*DATA BELOW*.
---+---

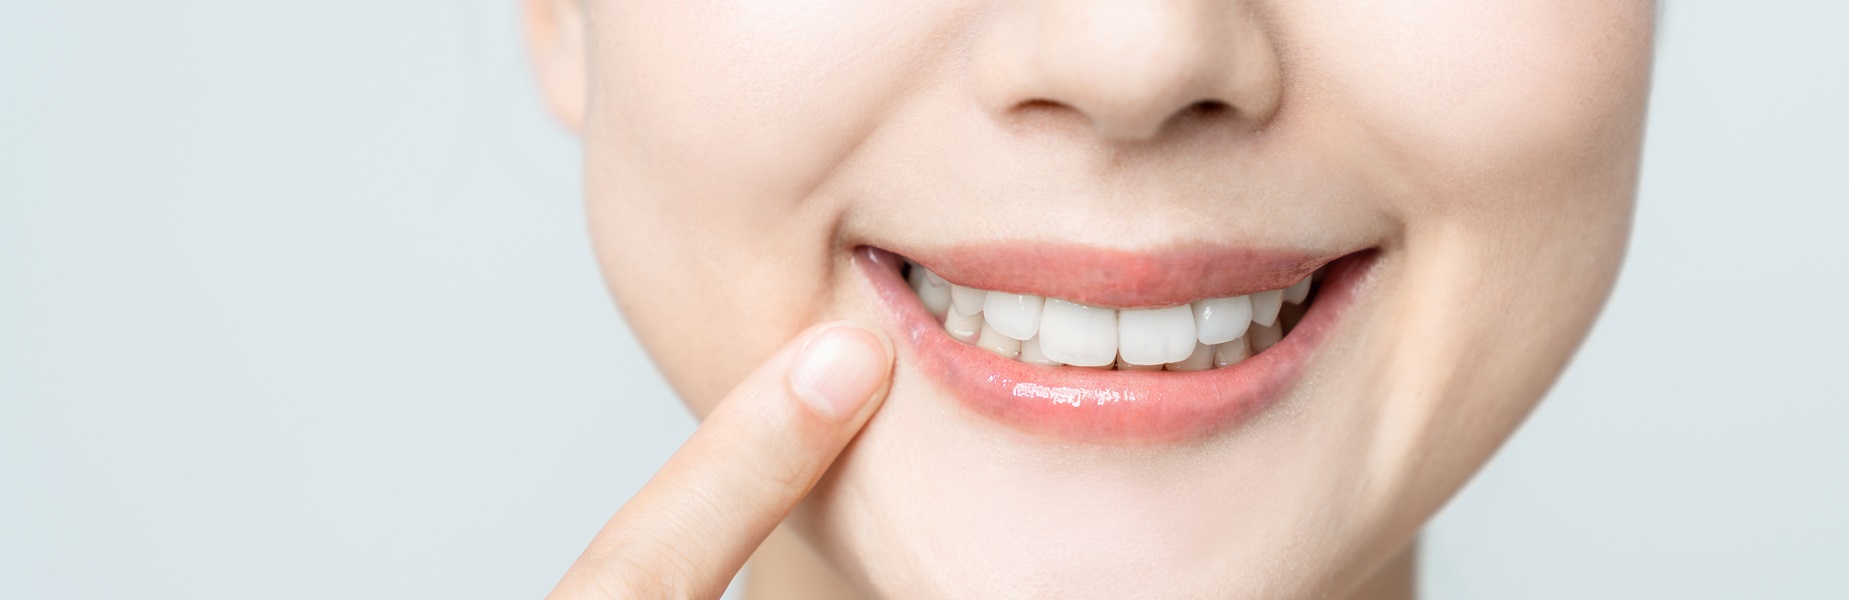 ご自身の失った歯を補うための治療は様々な方法があります。
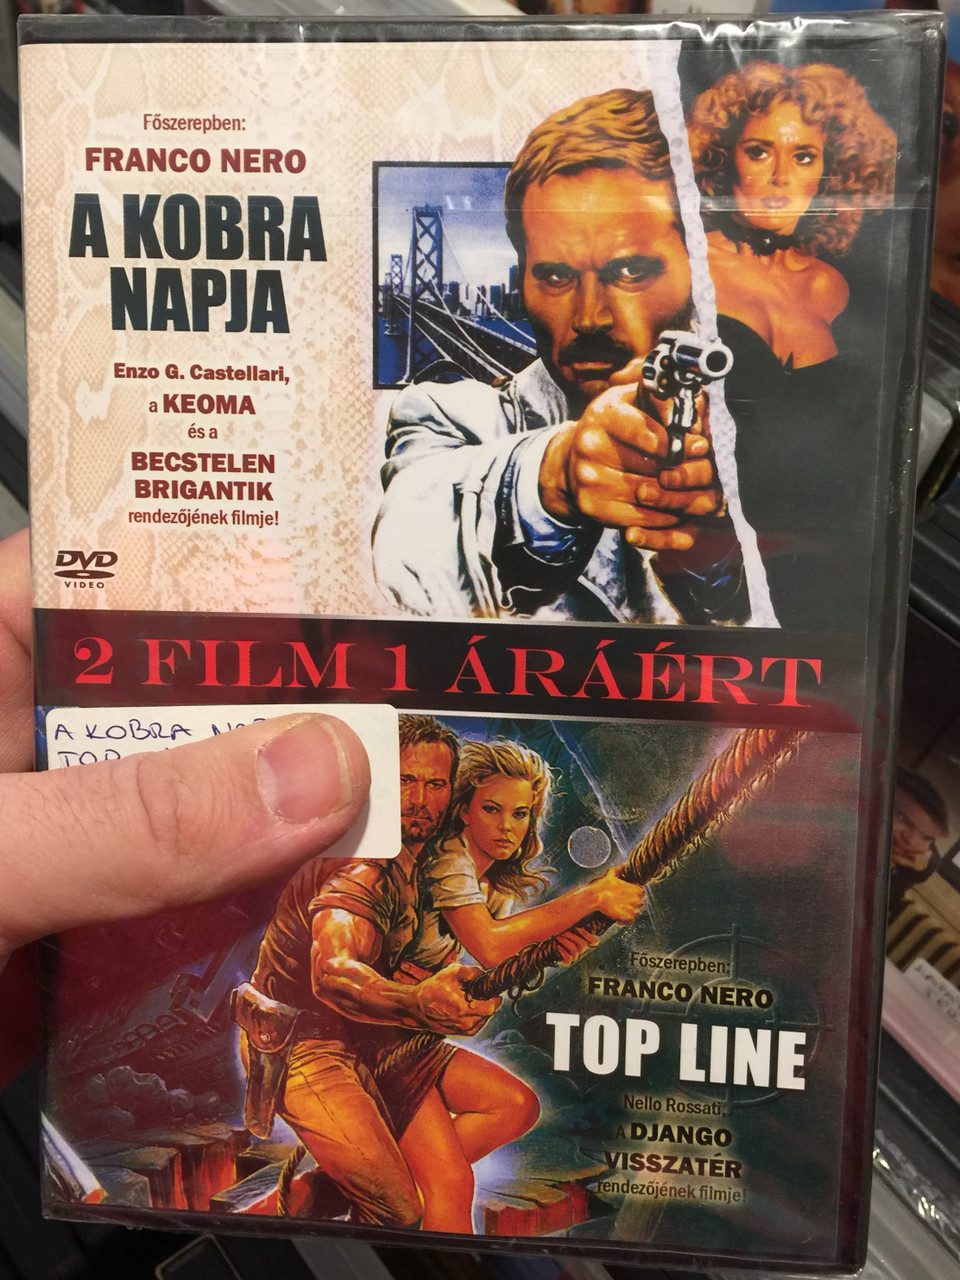 Il giorno del Cobra - A kobra napja 1980 / Top Line - Alien Terminator 1988  DVD / 2 Movies on 1 disc / Directed by Enzo G. Castellaro, Nello Rossati /
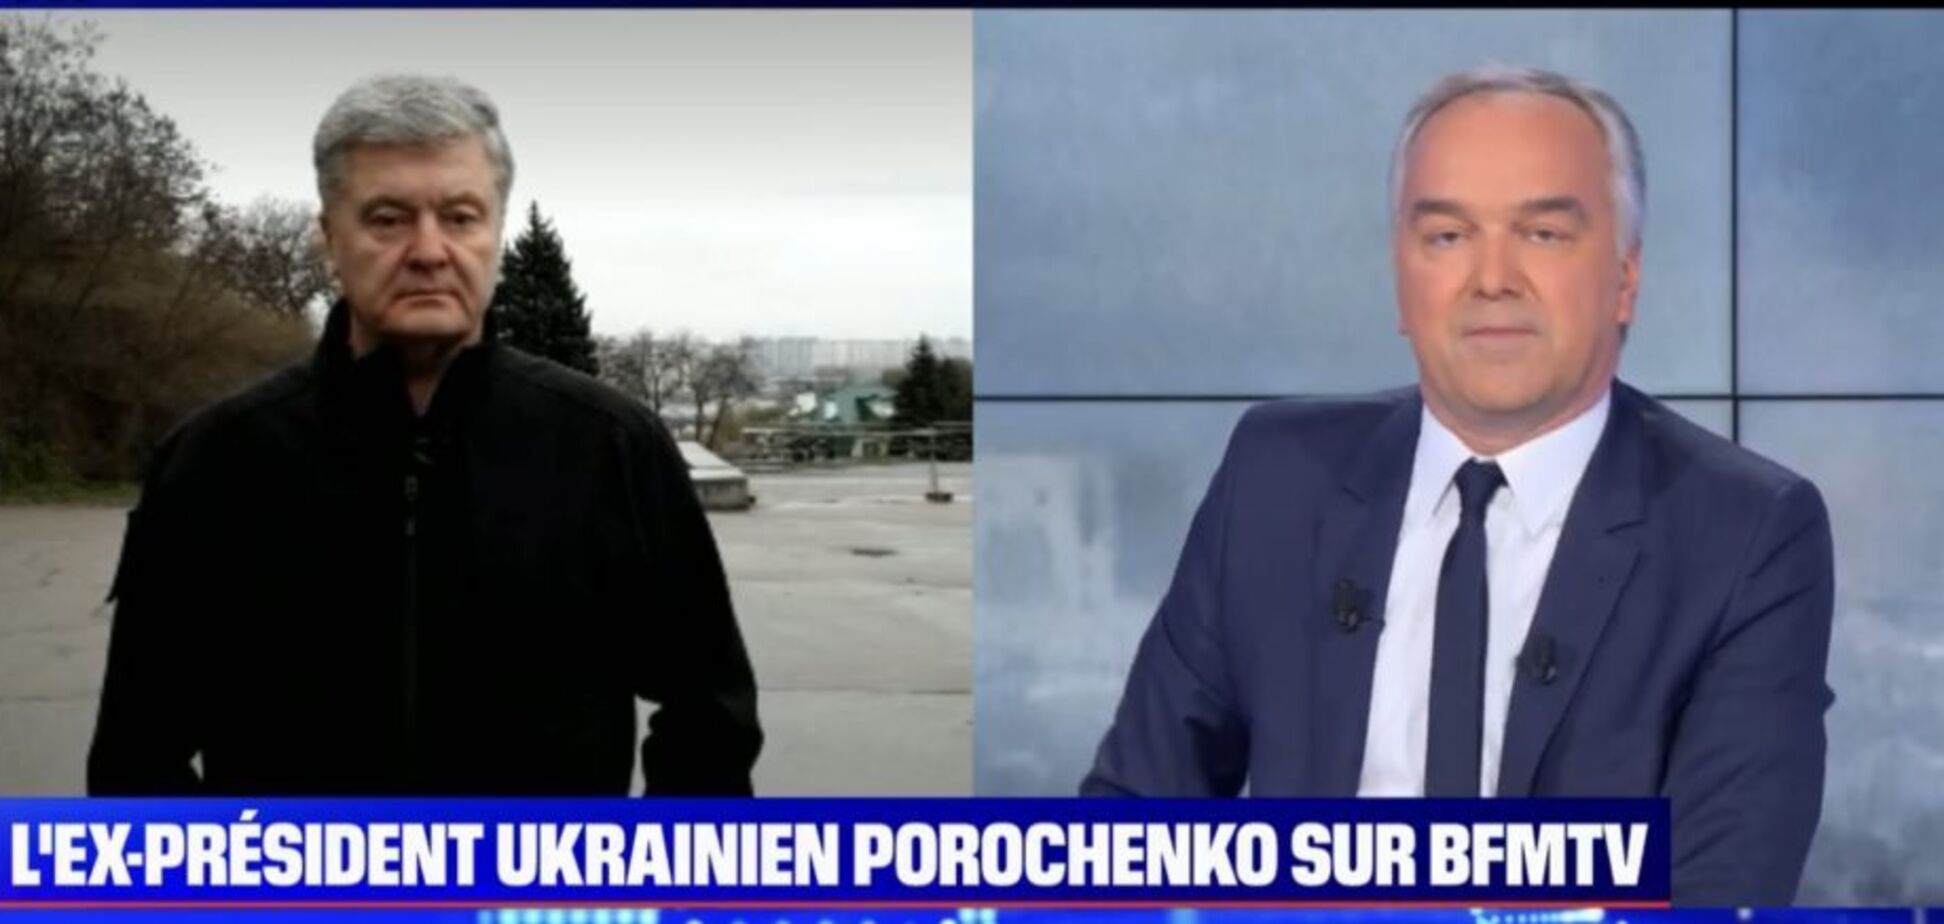 На Донбассе решается судьба Европы и всего мира, – Порошенко

---+---

Once the pictures have been removed, reproduce each line of the material above exactly.

*ANSWER FOR THIS EXERCISE*.
 ご自身の失った歯を補うための治療は様々な方法があります。
 Il giorno del Cobra - A kobra napja 1980 / Top Line - Alien Terminator 1988  DVD / 2 Movies on 1 disc / Directed by Enzo G. Castellaro, Nello Rossati /
 На Донбассе решается судьба Европы и всего мира, – Порошенко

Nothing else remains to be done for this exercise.